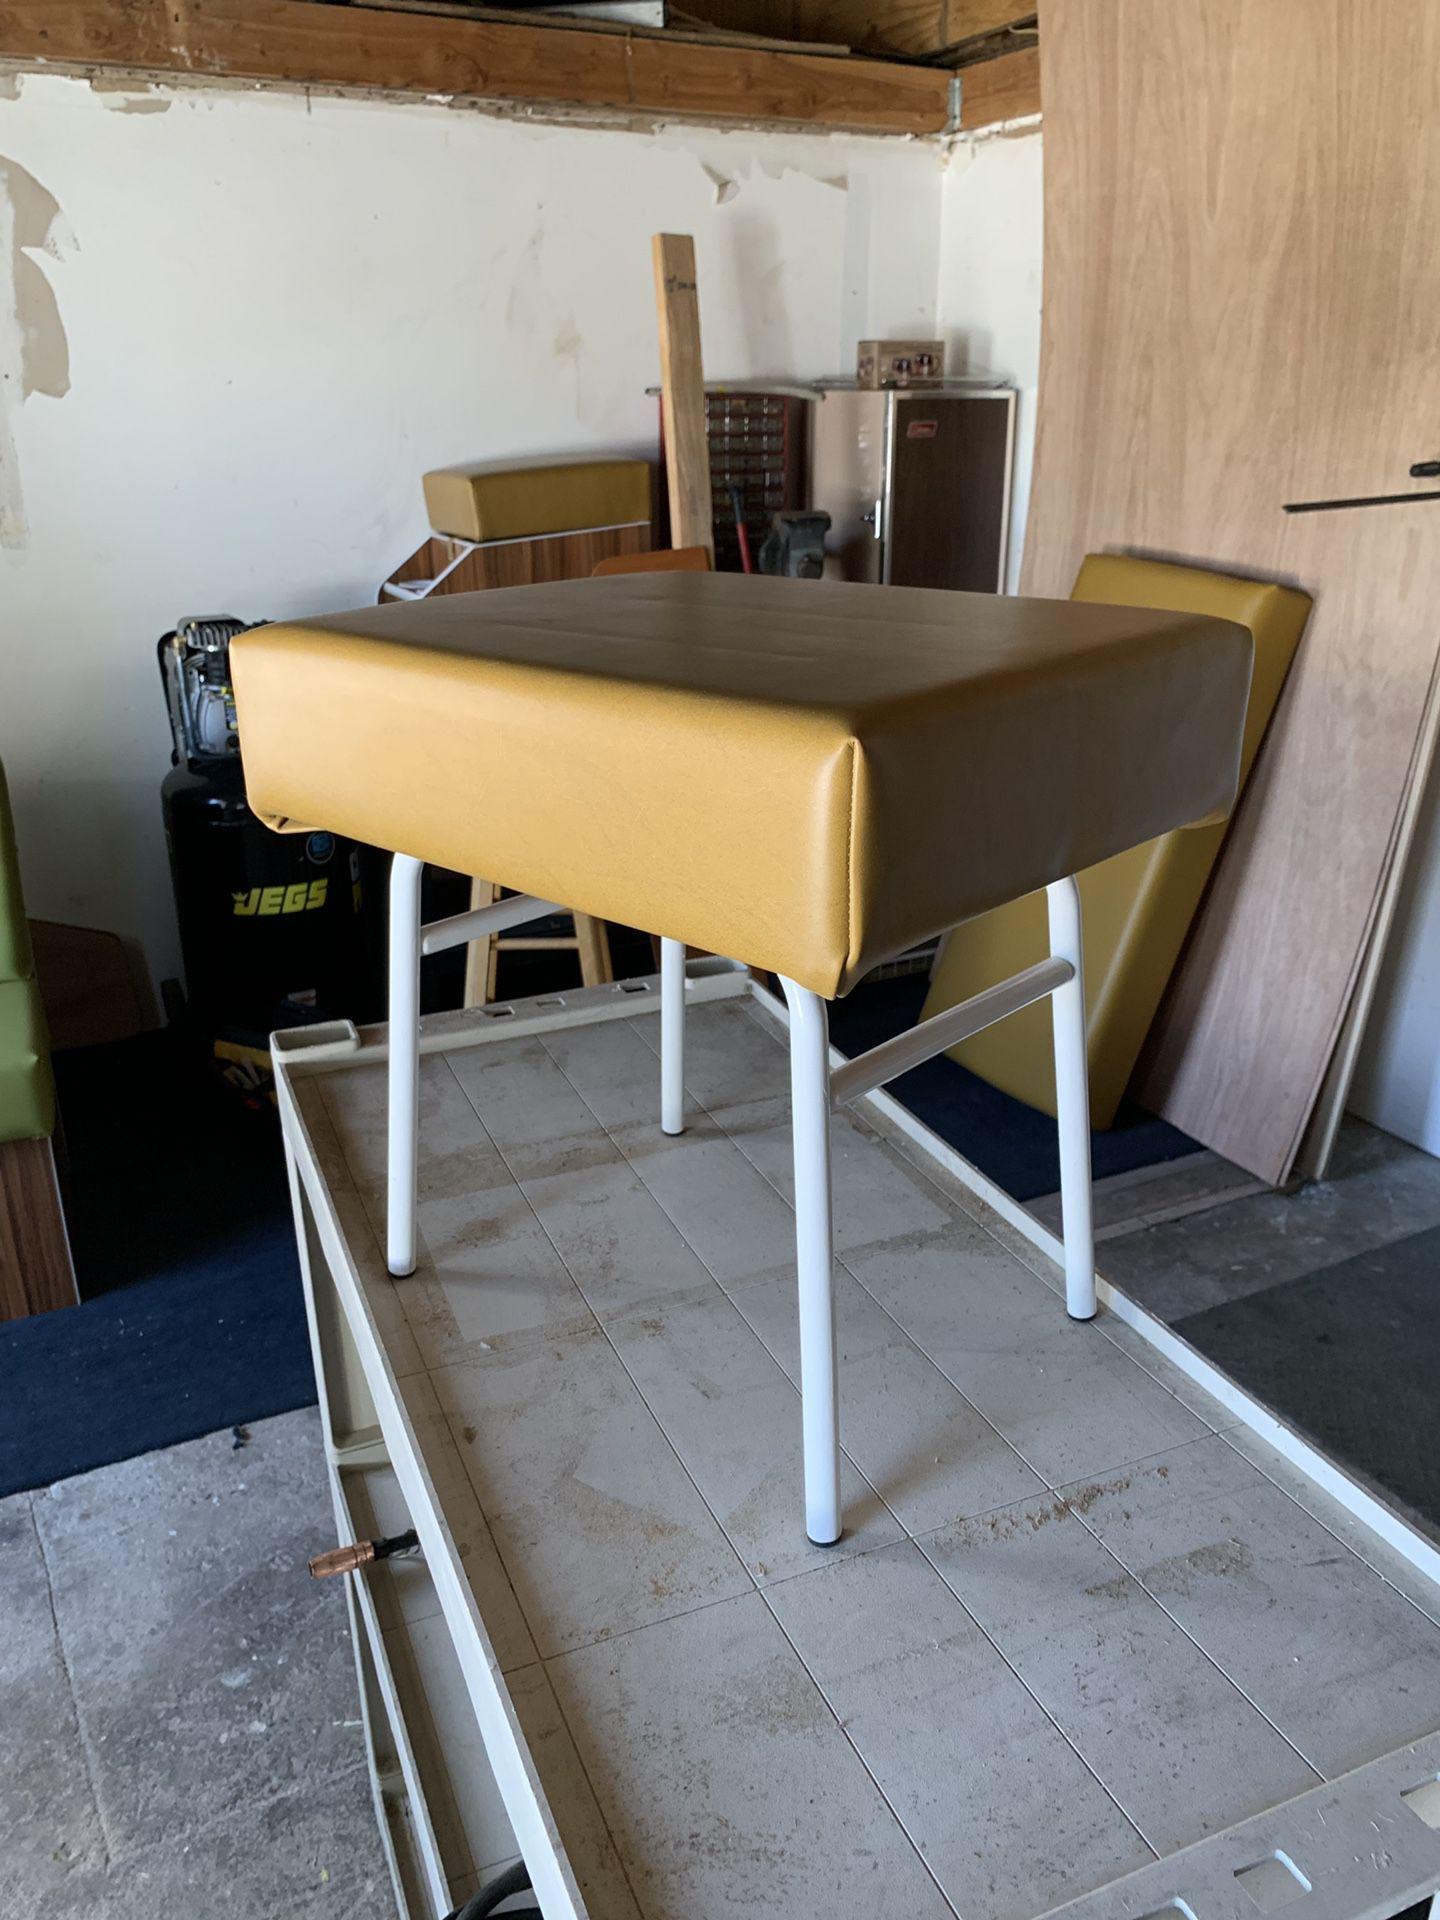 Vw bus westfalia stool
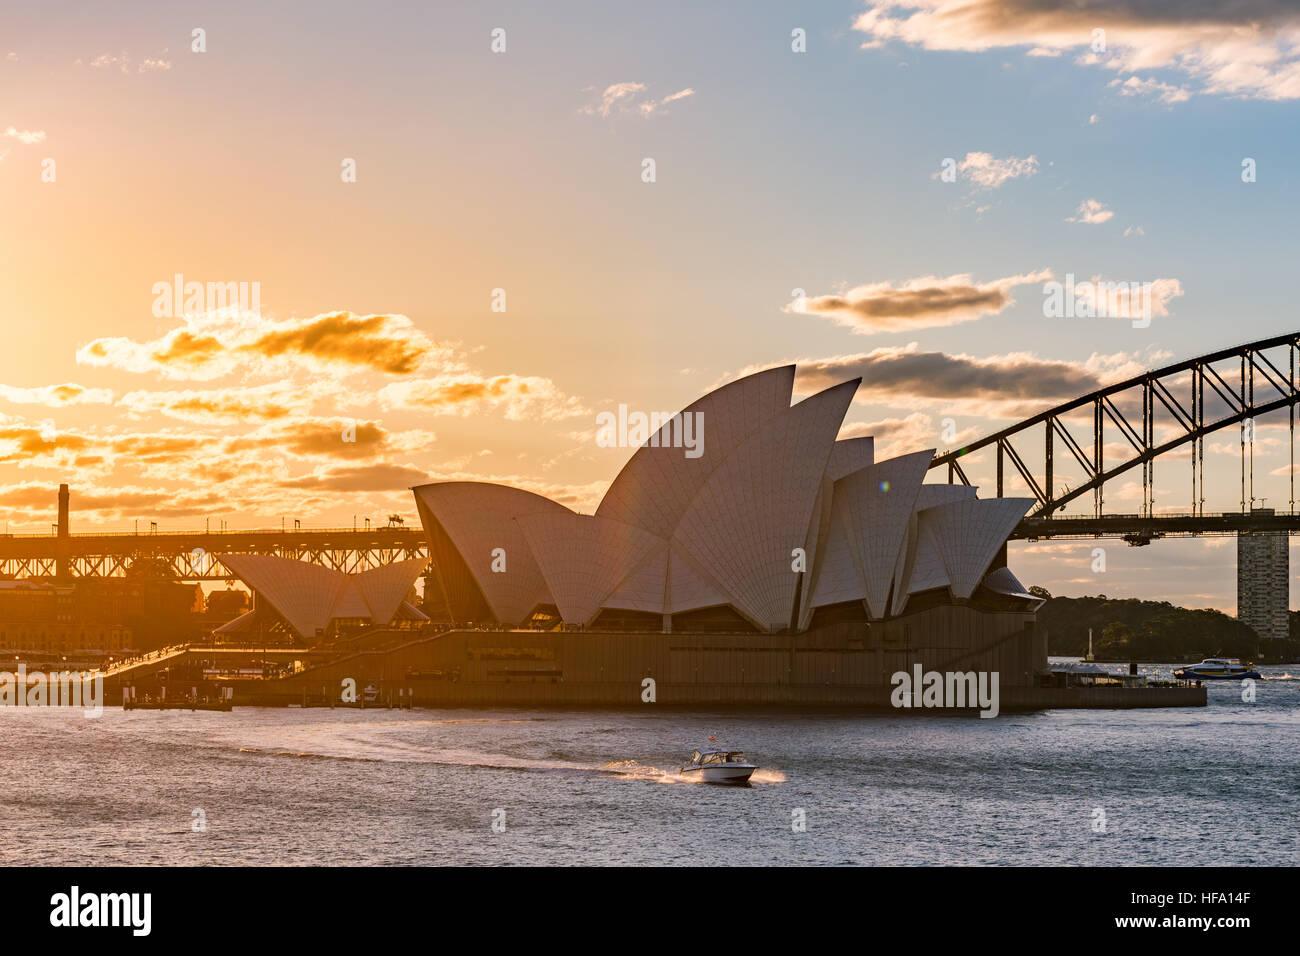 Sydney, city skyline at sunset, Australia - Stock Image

..............................

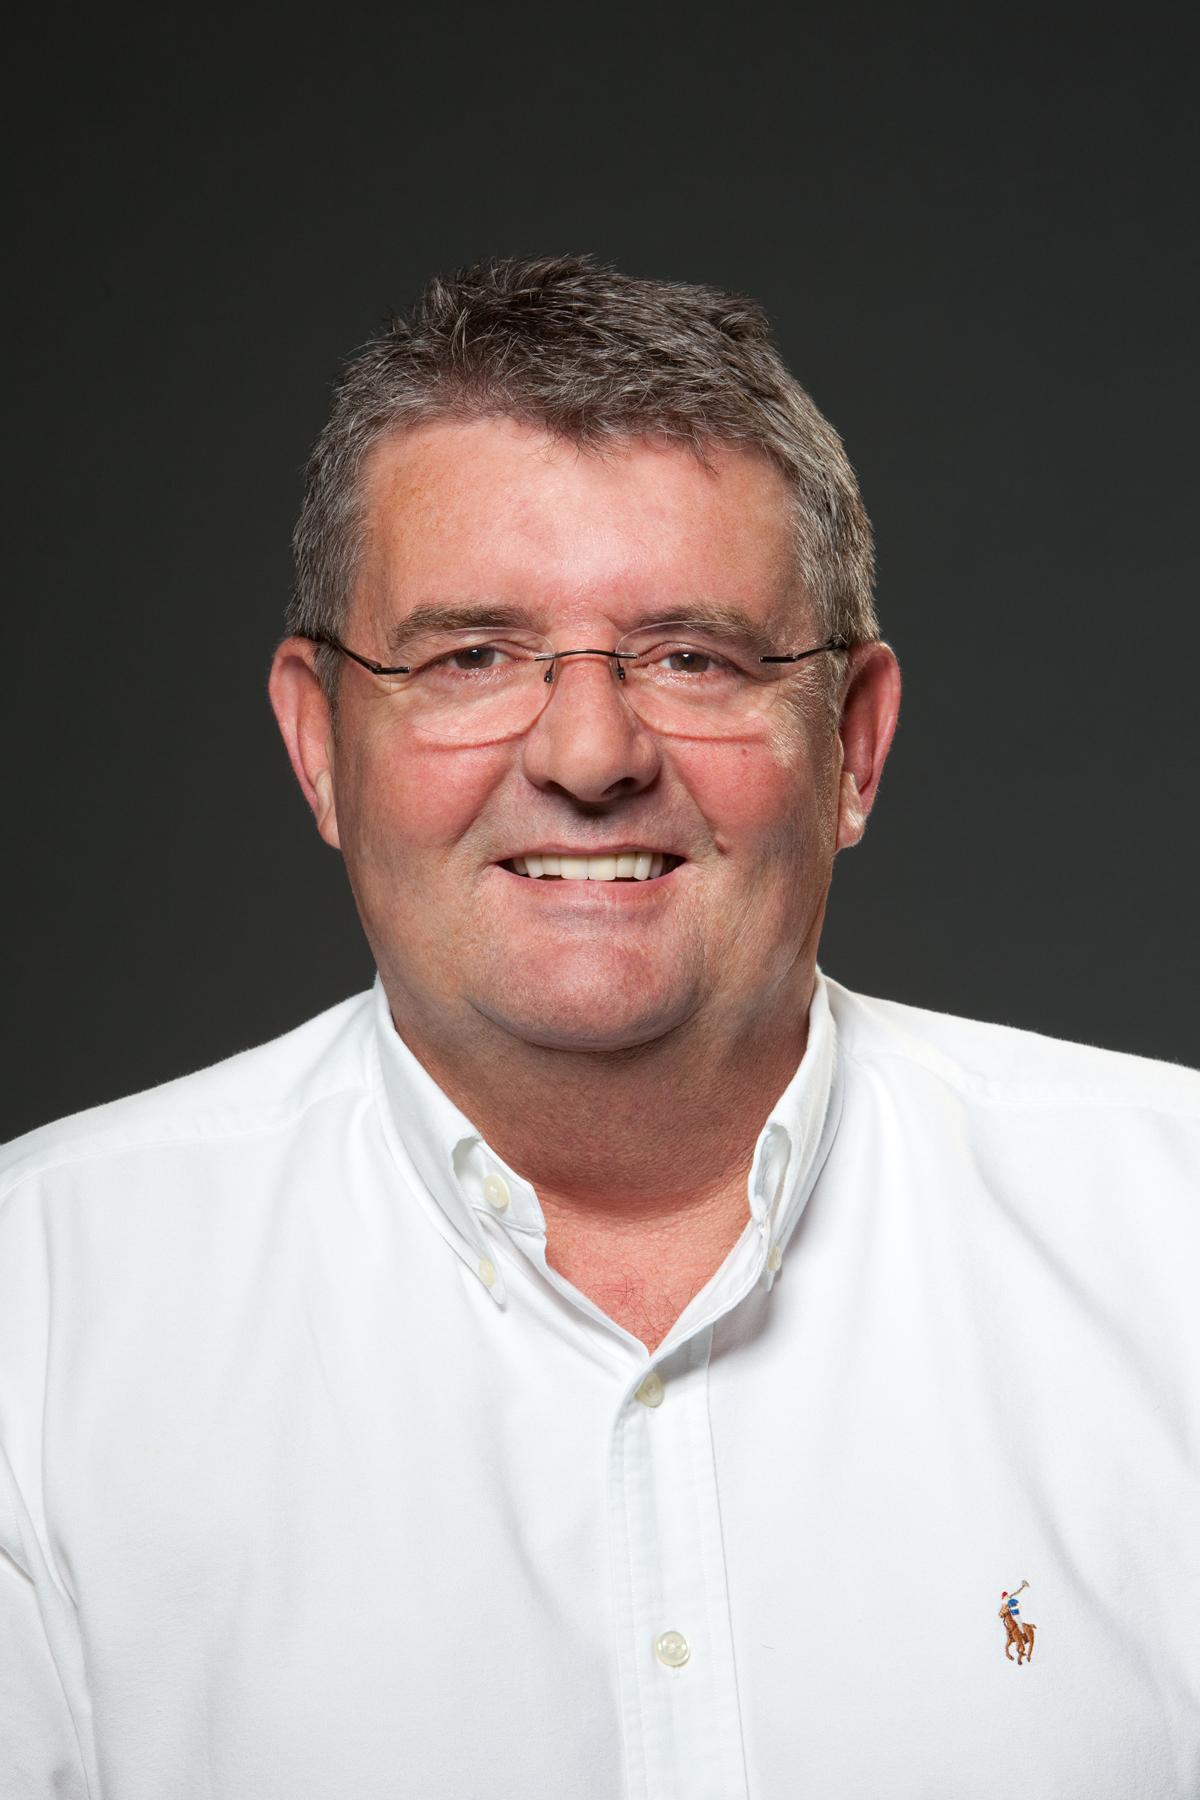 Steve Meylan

..............................

What is expected
In the listing above, find the line containing "Vw bus westfalia stool" and the line containing "Sydney, city skyline", then return both of them and every line between, exactly, without pictures.

Reply
 Vw bus westfalia stool
 Sydney, city skyline at sunset, Australia - Stock Image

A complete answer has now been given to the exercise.